NEW YORK — What a wild ride. The stock market hasn’t been this crazy since — a couple of years ago.
Yes, stocks have swerved scarily this year as Wall Street comes to grips with a Federal Reserve no longer doing everything it can to prop up markets. The average day last month saw a swing twice as wide for the S&P 500, from its low point to its high, as a year earlier. In one dizzying day, it careened from a 4% loss to a small gain.
Perhaps more jarring was that the S&P 500 flirted repeatedly with a 10% drop from its record set on the first trading day of the year. It’s a cold slap for the millions of people who got their first taste of investing in recent years. Until the last few weeks, anyone who began dabbling in the market after March 2020 had known a time where stocks pretty much only went up.
The recent shakiness, though, shouldn’t come as a surprise to anyone. This is what stocks do, and it’s the price that investors have paid for their historically strong returns through the long term.
That 4% swing in one day last month? In 2020, when the pandemic first struck, investors saw 20 such stomach-churning days. In 2008, during the throes of the financial crisis, there were 49 such days, according to S&P Dow Jones Indices. That’s an average of four every month.
And a 10% drop for the S&P 500 isn’t a rare thing either. They tend to happen every couple of years or so, with 23 of them during the past 50 years. Last month’s swoon didn’t even count as one of them, because the S&P 500 has yet to close a trading day at least 10% below its record. It’s come close, but each time it pulled upward enough at the end of the day to stay above that threshold.
Why would anyone put themselves through such tumult? Because stocks have proved to be some of the best investments for the long term, as long as an investor can hang on through the volatility and resist the temptation to sell. After every major downturn for U.S. stocks, from the Great Depression to the 2000 dot-com bubble to 2008’s near-collapse of the financial system, the market has eventually gone on to recover all its losses and mark new peaks.
Following each of the S&P 500′s drops of at least 10% during the past 50 years, it’s climbed an average of 83% in the ensuing five years, according to Robert W. Baird.
Broaden the horizon out to 10 years, and the S&P 500 almost always rises over that timespan, with the decade following the 2000 dot-com bubble a notable exception. That’s why the general rule of thumb is for investors not to have money in stocks that they’ll need to use within the next few years.
“It can be a brutal combination when the market is experiencing volatility, no matter how common or how normal it may be,” said Ross Mayfield, investment strategy analyst at Baird Private Wealth Management.
“In the end, one of the super powers of the individual investor is the ability to focus on the long-term.”
Of course, this bout of volatility might be different than all the past ones.

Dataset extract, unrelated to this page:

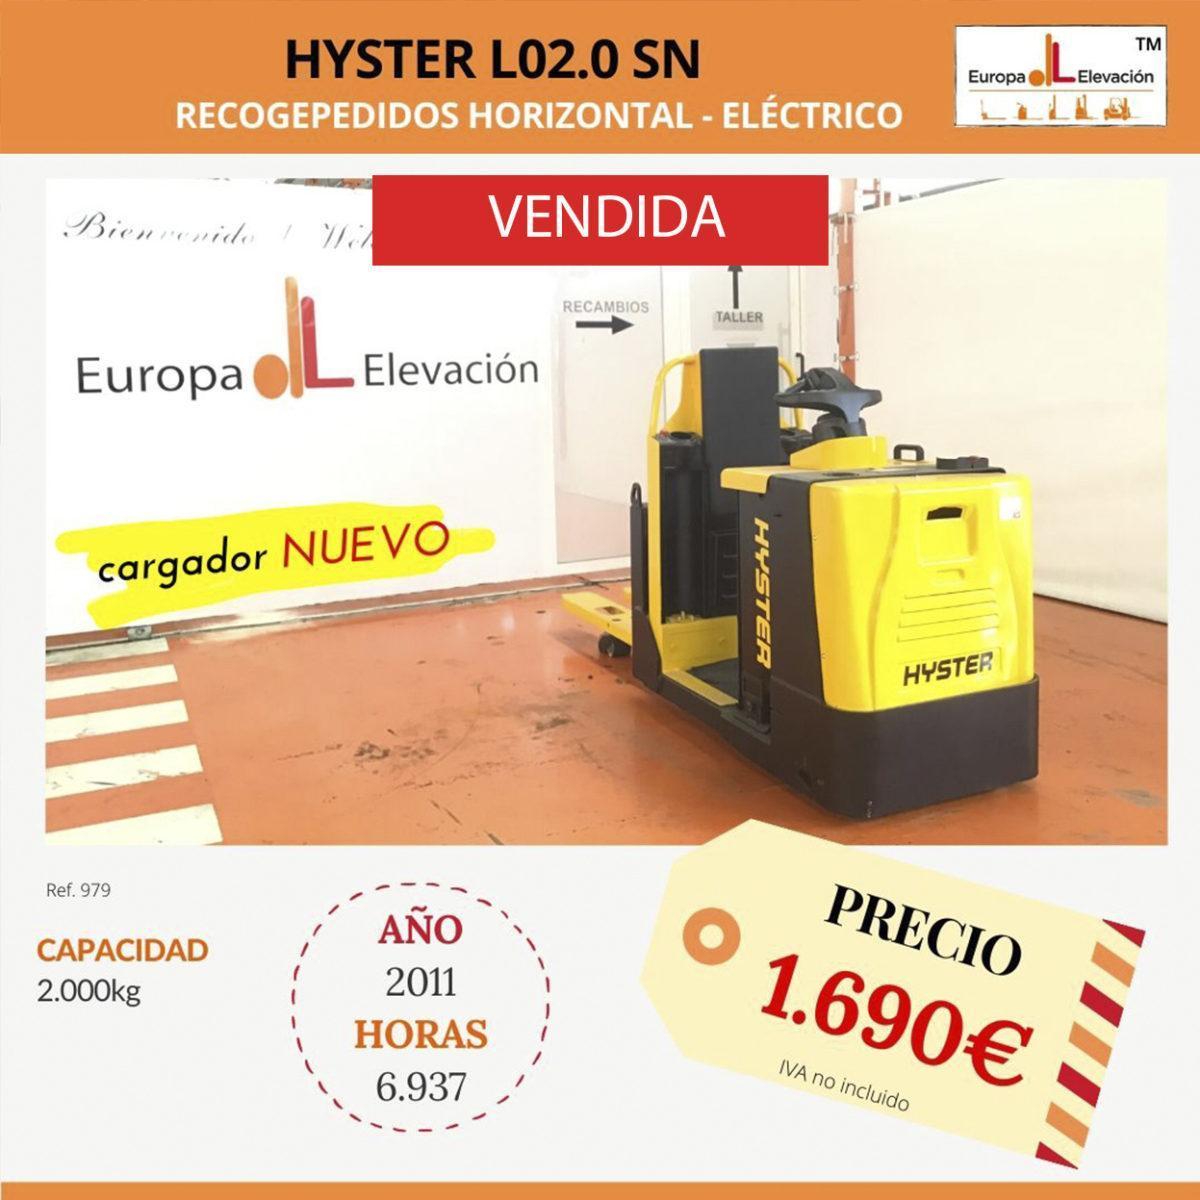 979 Hyster recogepedidos eléctrico Europa Elevación (1) VENDIDA

The market has been shaky as investors rush to get ahead of moves by the Federal Reserve to shut off the support it’s been pouring into the economy since the pandemic began. The Fed is likely to start raising short-term interest rates in March, among other moves that will make borrowing money less easy and leave less money sloshing around the economy.
The market has seen such rate-hike campaigns before, and they’ve been the cause of plenty of past 10% drops for the stock market. Wall Street also already knows what it’s like for the Fed to turn off the money printer it used to buy bonds to support the economy, and to then suck out some of those dollars sloshing around the economy. But never before has the Fed been doing both such things while a pandemic is still raging and inflation is at a nearly four-decade high.
That’s why many on Wall Street expect big swings to continue to shake the market, even if stocks have calmed down a bit in recent days.
But that shouldn’t come as a surprise to any investors in stocks.